Editorial: City Planning’s latest mess

Pub date September 15, 2009
SectionBruce Blog

When, oh when, will Dean Macris finally go away?

EDITORIAL The San Francisco city planning director, John Rahaim, has kept a fairly low profile since taking over the troubled department in 2008. But some serious problems are starting to fester on his watch — and if he and the planning commissioners don’t clean up the mess, the supervisors need to step in.

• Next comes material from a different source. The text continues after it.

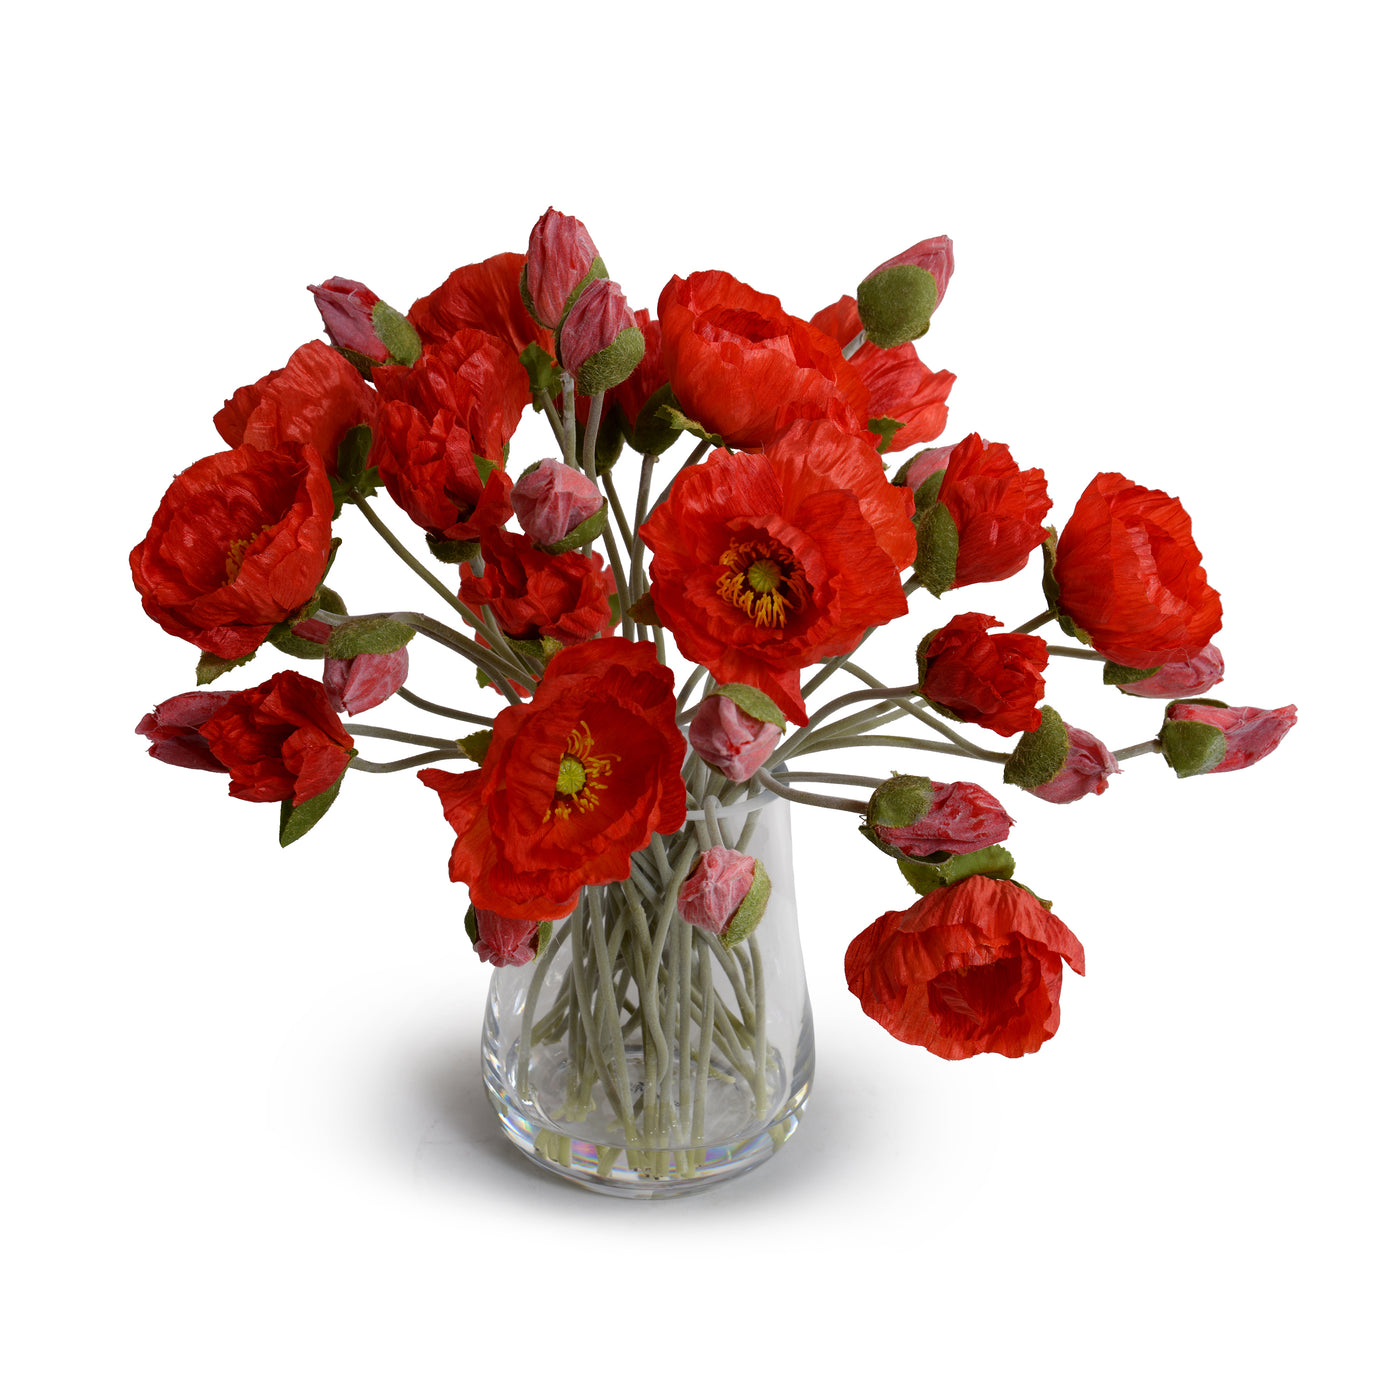 Poppy Bouquet in Glass Vase - Orange-red

Rahaim remains somewhat in the shadow of the former director, Dean Macris, who is responsible for some of the worst San Francisco development problems of the past three decades. And the Macris influence is still very heavy in the department. But Rahaim needs to step out and show that things are going to change. For starters, he should:

Scrap the plan to privatize environmental review. As Rebecca Bowe reports on page 15, the department is looking at bringing in outside consultants to help clear up the backlog in the Major Environmental Analysis division of the Planning Department. It’s a horrible idea — the environmental consulting firms that do this work make most of their money from developers, and that’s where their loyalties will always lie. The city planning staff is by no means perfect, but at least the unionized MEA staffers have some ability to demand that builders follow the rules and that environmental impact reports are relatively honest. The whole idea comes (not surprisingly) from the big developers, particularly Lennar Corp. at Hunters Point and the consortium looking to redevelop Treasure Island; they’re worried about the short-staffed Planning Department’s slow pace of project review. But we don’t see those developers helping raise new revenue for the city — money that could allow planning to hire more staff.